- Cover of Real/Fake Princess (真假公主 Zhēnjiǎ Gōngzhǔ) vol. 1 (2002), art by Yi Huan

真假公主 Zhēnjiǎ Gōngzhǔ
- Genre: Historical romance;
- Author: Yi Huan
- Publisher: Tong Li Comics (Taiwan)
- English publisher: US: DrMaster;
- Other publishers Burapat (Thailand) Tre Publishing House (Vietnam) Delta Vision (Hungary);
- Original run: 2002–2003
- Volumes: 5

= Real/Fake Princess =

Taiwanese manhua by Yi Huan

Real/Fake Princess (真假公主 (Zhēnjiǎ Gōngzhǔ)) is a historical romance manhua comic series written and illustrated by Yi Huan. It was published in Taiwan by Tong Li Comics and distributed in the United States by DrMaster.

==Characters==
Zhi Li- A

==Plot==
Real/Fake Princess is set during the Jin Rebellions of China's Song dynasty.

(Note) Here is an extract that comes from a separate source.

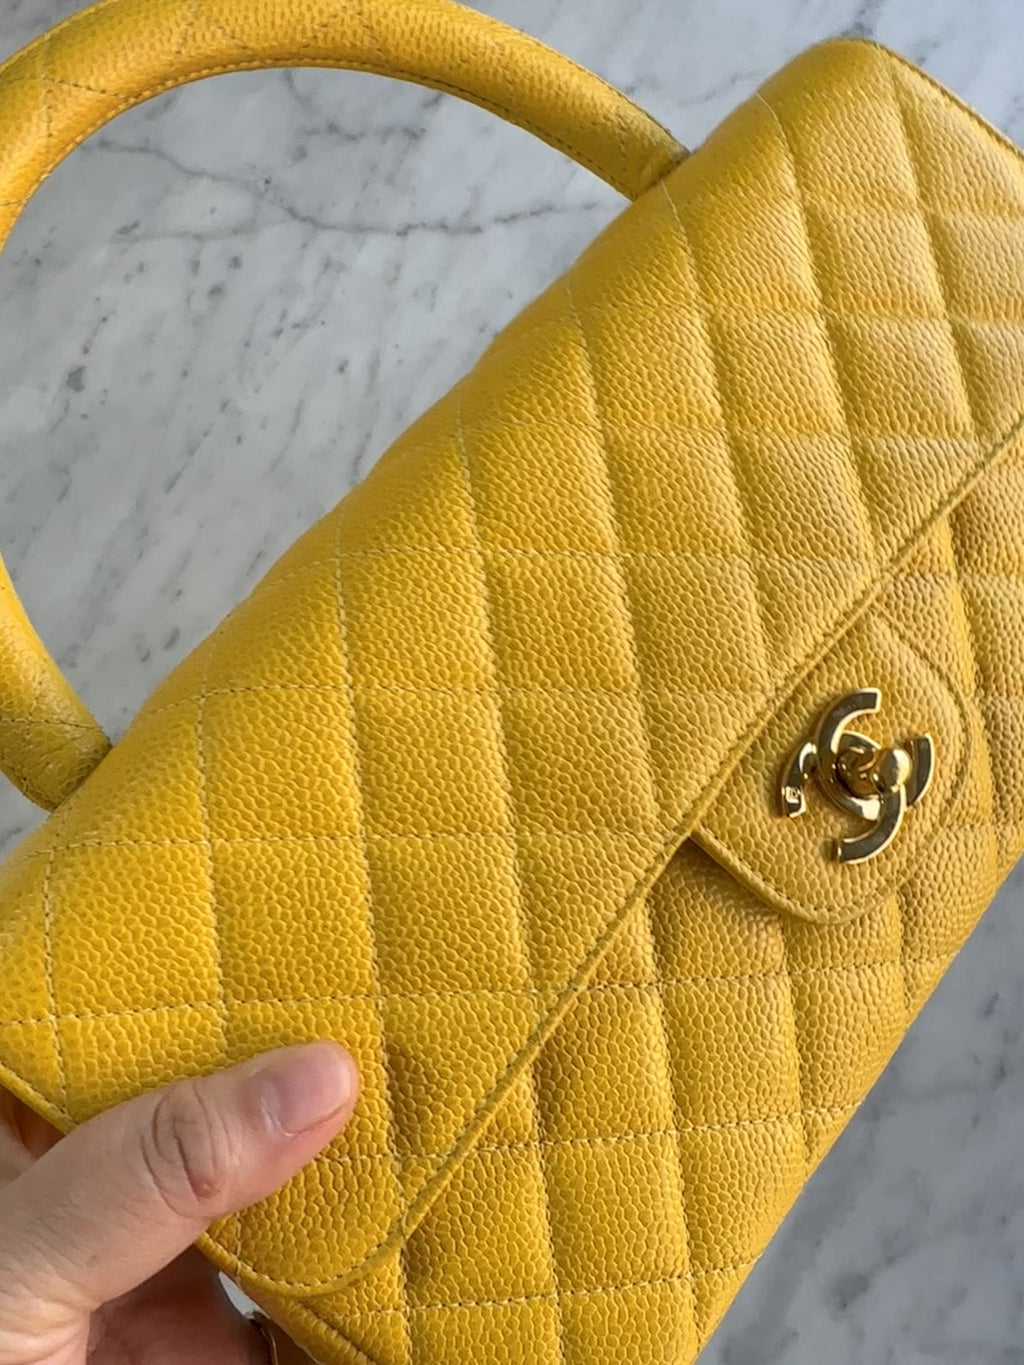 Chanel Yellow Leather Jumbo Classic Double Flap Bag

Fearing for her child's safety, the mother of infant Princess Yi Fu gives the child to a commoner, who then escapes with the baby to safety. Ten years later, peace is restored and the ruling house issues and edict to find the missing princess. Then the search advisor, Wu Zhong Lu, was confronted with a peasant girl with her guardian, Tan Hui. The peasant girl is then found out to be the missing princess, but goes by a different name. That name was given to her by Tan Hui it is called, Zhi Li. It means "separation". The girl does not wish to be a princess for it would mean being separated from her one-sided love for Hui. However, Wu Zhong Lu, gives in and promises her to restore Hui's status back up to a higher status so she could see him again. After many trials and fights between the two, it is seen that they both are falling in love with each other. Wu Zhong Lu's prostitute, Dai Xuan, is also in love with Wu Zhong, but notices that he has fallen hard for the princess.

==Comic==
Real/Fake Princess was published in five volumes by Tong Li Comics in Taiwan, between 2002 and 2003. Extras included detailed historical notes and character profiles by Yi. The series was translated into English and distributed by DrMaster from 2006 to 2007. English translation was provided by Yun Zhao, with the adaptation by Ailen Lujo. The series has also been released in Thai by Burapat Comics as Princess of Zung Dynasty (องค์หญิงกำมะลอ), Vietnamese by Tre Publishing House as Công Chúa Lac Loài, and Hungarian by Delta Vision as Makrancos hercegnő.